Data items
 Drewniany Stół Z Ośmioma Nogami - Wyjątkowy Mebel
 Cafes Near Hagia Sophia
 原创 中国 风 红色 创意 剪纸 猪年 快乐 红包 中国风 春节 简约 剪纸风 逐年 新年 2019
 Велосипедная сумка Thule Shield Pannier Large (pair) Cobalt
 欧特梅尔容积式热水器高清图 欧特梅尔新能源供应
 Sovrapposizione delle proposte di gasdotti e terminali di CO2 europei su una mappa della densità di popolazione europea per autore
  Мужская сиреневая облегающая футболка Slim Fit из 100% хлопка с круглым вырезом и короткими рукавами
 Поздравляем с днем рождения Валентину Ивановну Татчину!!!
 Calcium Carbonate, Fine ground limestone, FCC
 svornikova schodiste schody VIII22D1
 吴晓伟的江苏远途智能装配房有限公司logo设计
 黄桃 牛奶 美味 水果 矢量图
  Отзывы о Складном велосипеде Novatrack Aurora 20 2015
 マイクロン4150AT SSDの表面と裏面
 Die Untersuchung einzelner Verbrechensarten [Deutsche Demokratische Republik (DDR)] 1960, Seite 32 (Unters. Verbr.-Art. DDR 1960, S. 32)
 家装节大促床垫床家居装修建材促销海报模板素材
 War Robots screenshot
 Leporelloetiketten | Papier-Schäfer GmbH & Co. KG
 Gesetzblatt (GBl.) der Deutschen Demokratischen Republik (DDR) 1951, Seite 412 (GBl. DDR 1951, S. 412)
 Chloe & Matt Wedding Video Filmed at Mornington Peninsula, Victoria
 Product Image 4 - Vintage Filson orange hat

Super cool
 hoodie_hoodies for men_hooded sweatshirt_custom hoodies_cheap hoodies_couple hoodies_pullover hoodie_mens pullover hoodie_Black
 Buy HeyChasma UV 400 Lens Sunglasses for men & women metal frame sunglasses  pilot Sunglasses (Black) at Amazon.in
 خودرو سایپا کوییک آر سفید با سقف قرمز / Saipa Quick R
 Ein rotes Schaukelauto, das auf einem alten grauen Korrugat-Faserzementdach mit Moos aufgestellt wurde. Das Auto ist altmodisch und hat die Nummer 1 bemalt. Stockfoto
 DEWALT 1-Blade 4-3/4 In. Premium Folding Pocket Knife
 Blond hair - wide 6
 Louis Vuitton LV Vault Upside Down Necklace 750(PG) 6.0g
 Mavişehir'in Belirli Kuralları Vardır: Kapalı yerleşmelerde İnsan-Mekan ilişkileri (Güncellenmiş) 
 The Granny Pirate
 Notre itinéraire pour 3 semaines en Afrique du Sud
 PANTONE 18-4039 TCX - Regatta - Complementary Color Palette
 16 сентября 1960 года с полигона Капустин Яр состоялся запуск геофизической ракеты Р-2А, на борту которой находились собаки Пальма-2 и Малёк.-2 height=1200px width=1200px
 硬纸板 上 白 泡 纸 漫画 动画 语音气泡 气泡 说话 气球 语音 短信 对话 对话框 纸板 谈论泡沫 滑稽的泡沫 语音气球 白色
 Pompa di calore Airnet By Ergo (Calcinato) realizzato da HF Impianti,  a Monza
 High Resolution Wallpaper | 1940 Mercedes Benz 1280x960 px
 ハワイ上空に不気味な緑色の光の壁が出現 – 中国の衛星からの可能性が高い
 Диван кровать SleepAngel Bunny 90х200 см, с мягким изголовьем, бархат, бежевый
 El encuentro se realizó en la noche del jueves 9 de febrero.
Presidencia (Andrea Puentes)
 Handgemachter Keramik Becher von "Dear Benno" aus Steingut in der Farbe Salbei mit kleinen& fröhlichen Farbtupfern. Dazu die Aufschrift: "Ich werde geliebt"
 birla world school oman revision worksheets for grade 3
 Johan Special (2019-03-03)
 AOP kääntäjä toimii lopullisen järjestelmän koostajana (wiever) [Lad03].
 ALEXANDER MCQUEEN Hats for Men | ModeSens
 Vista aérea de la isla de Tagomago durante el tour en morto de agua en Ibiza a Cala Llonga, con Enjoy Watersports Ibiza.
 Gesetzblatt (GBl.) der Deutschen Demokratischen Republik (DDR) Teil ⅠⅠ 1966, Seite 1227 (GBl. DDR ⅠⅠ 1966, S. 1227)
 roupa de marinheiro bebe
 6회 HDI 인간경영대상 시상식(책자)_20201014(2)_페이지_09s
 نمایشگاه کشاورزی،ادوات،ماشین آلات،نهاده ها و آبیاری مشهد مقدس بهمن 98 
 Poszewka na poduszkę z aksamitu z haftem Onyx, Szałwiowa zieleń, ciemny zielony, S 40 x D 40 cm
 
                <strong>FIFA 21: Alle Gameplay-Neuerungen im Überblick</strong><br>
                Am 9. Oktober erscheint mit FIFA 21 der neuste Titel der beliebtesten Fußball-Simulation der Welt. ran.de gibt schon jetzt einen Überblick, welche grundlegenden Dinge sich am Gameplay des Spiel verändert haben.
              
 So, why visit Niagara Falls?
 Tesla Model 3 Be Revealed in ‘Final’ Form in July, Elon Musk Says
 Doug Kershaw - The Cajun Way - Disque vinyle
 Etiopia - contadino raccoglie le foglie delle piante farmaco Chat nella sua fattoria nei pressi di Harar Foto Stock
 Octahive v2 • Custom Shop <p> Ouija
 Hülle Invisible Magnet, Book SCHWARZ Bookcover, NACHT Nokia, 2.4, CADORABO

GOAL OF THE EXERCISE
What lines in the data include the string "Republik"? Copy each one.

ANSWER BOX
 Die Untersuchung einzelner Verbrechensarten [Deutsche Demokratische Republik (DDR)] 1960, Seite 32 (Unters. Verbr.-Art. DDR 1960, S. 32)
 Gesetzblatt (GBl.) der Deutschen Demokratischen Republik (DDR) 1951, Seite 412 (GBl. DDR 1951, S. 412)
 Gesetzblatt (GBl.) der Deutschen Demokratischen Republik (DDR) Teil ⅠⅠ 1966, Seite 1227 (GBl. DDR ⅠⅠ 1966, S. 1227)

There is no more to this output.